# FS: Neolamprologus multifaciatus Shell Dwellers



## TomC (Apr 21, 2010)

Time to thin out the colony. All for sale are sub adults. $5 each. Cloverdale.

N. multifaciatus Fry - YouTube


----------



## TomC (Apr 21, 2010)

I still have some.


----------



## TomC (Apr 21, 2010)

Bump. Still available.


----------



## TomC (Apr 21, 2010)

Bump. I still have some. 5 for $20.


----------



## Steve (Mar 27, 2013)

What size are they? I want more in my tank but my comps and julies are starting to get quite aggressive towards my adults


----------



## TomC (Apr 21, 2010)

I could probably get some decent sized ones. Some are close to an inch.


----------



## BILLMORRIS (Apr 5, 2012)

PM sent . thanks


----------



## TomC (Apr 21, 2010)

Bump. I have more ready to go.


----------



## TomC (Apr 21, 2010)

Still available.

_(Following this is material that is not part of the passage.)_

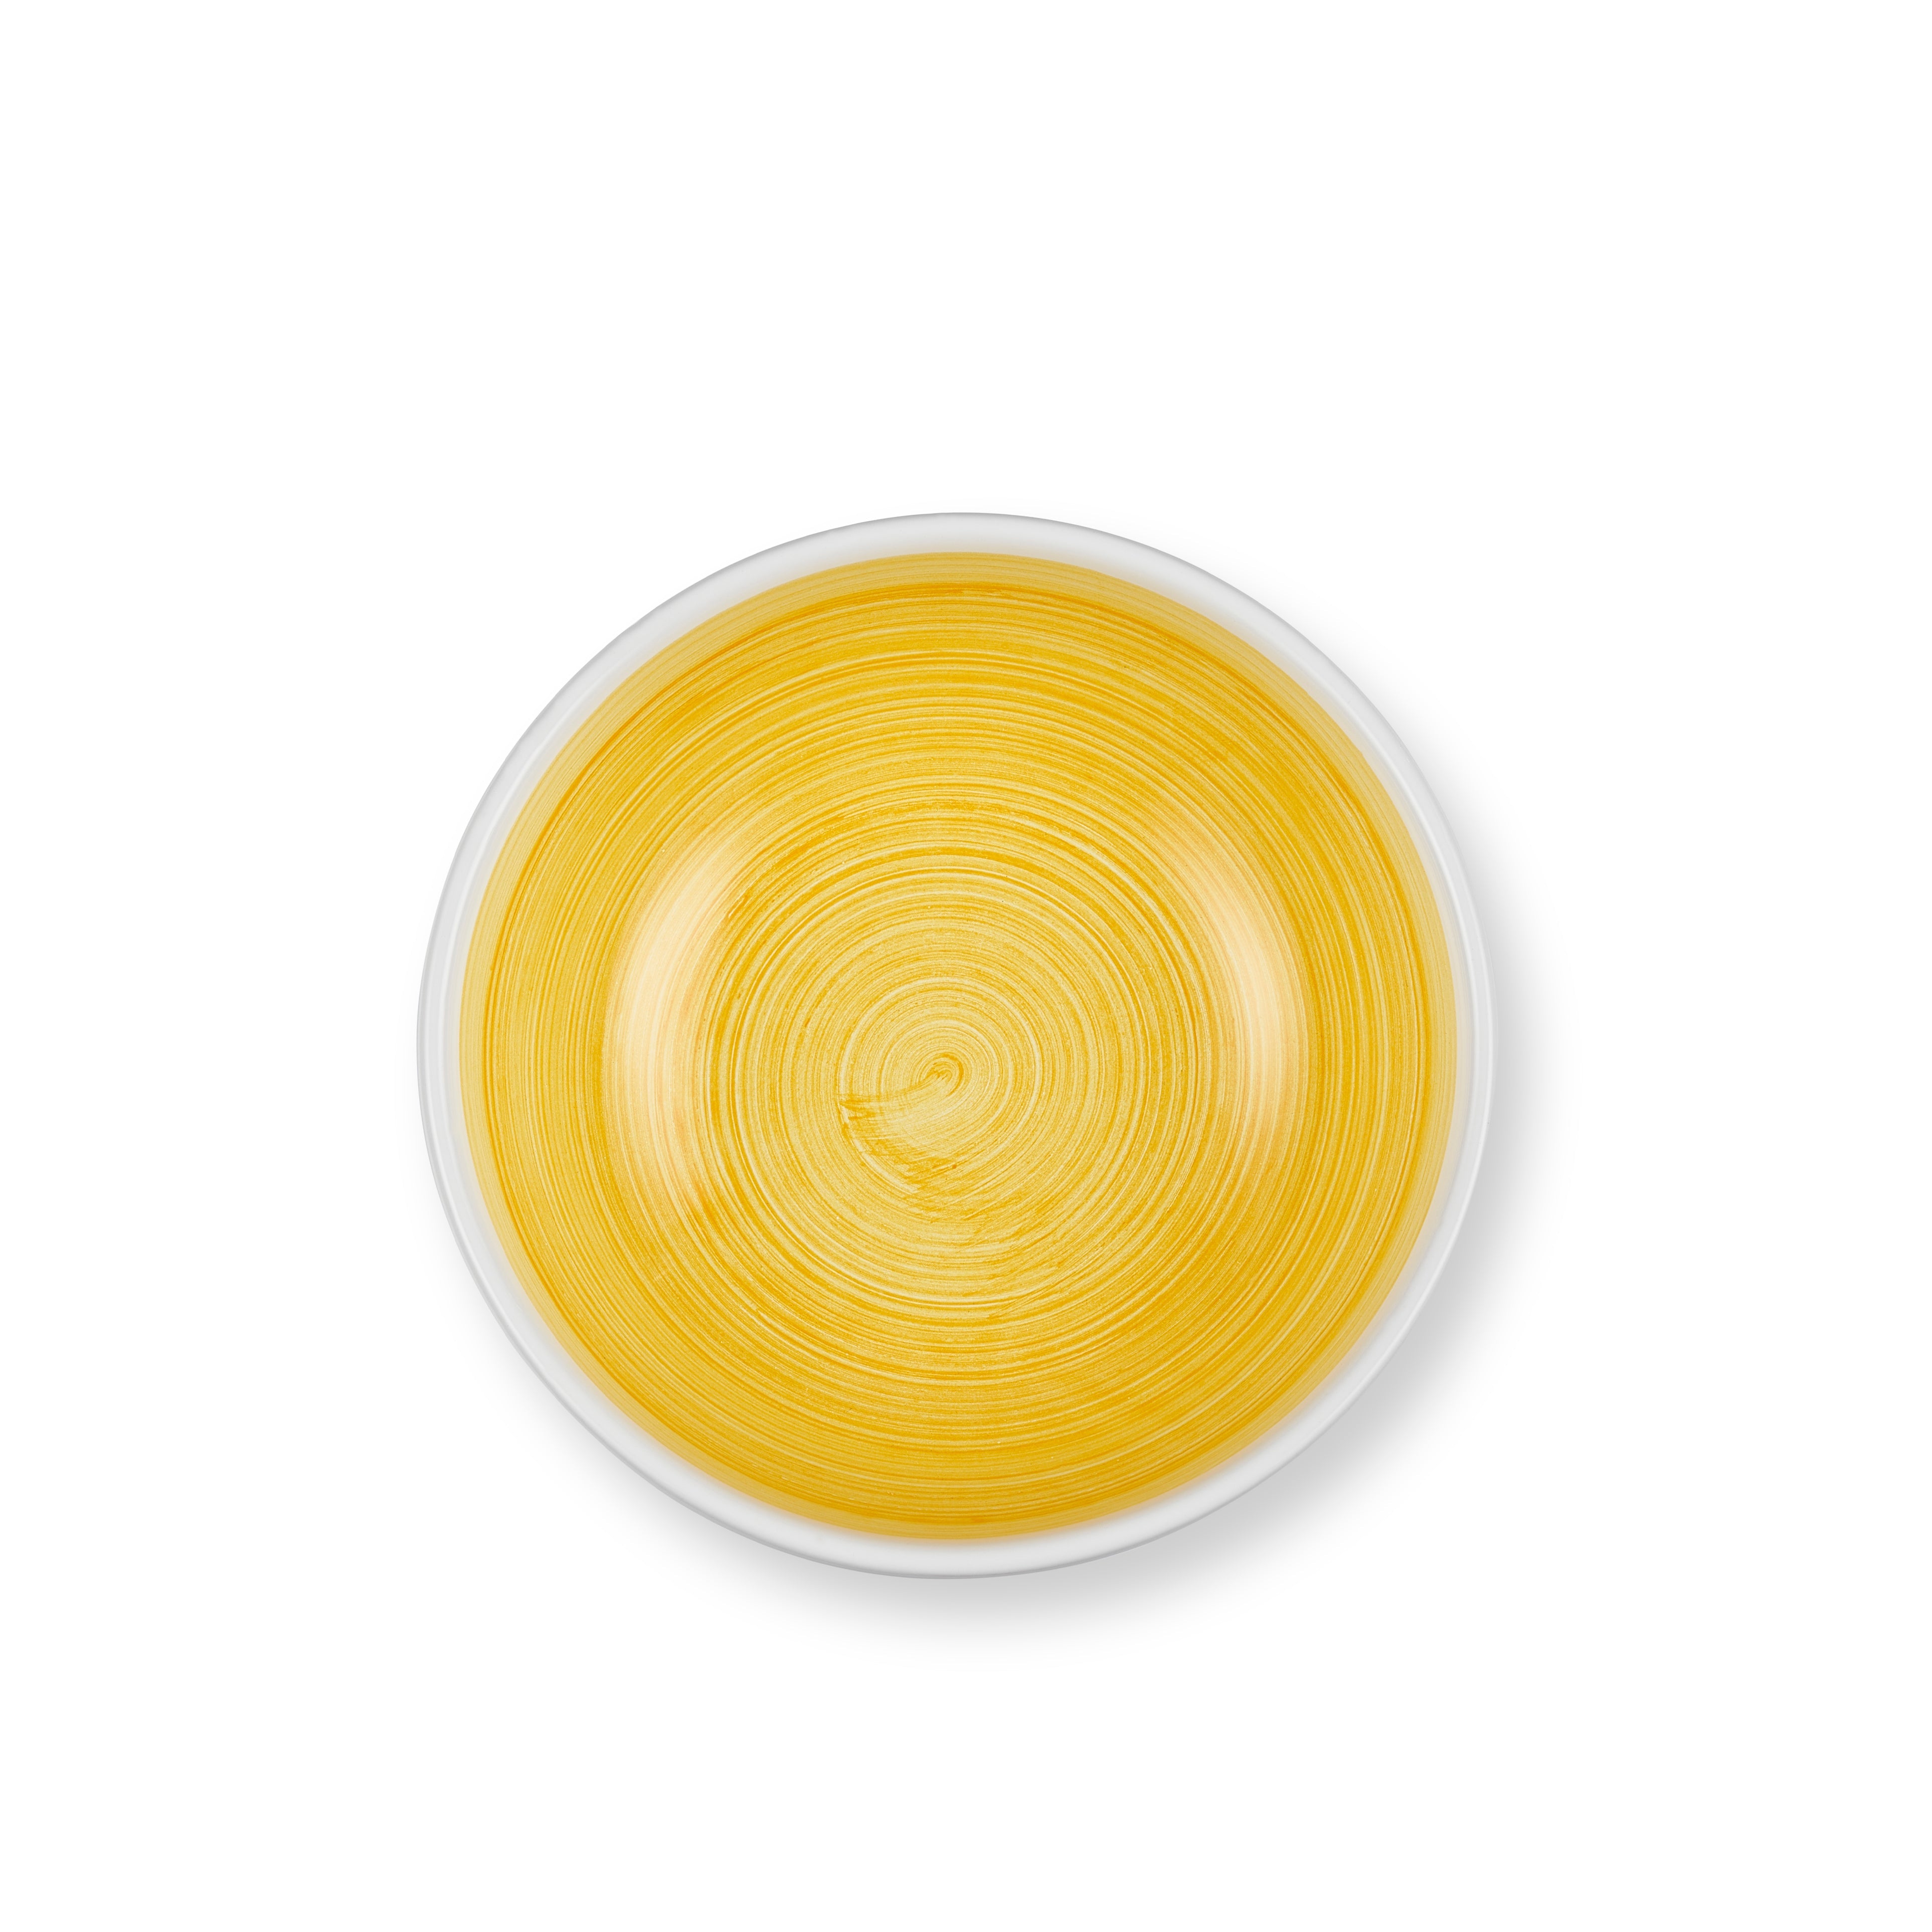 S&B 'Brushed' Ceramic Soup Bowl in Yellow, 16cm

Make me an offer for some.


----------



## TomC (Apr 21, 2010)

Price lowered to $3 each. (I wanted to edit the first post, but for some reason there is no Edit Post button on it.)


----------



## Bane (Jul 13, 2013)

Sent a pm pls check


----------



## Bane (Jul 13, 2013)

Hey Tom please check your in box thanks


----------



## TomC (Apr 21, 2010)

Fish are gone. Thread closed.


----------



## TomC (Apr 21, 2010)

Thread closed.


----------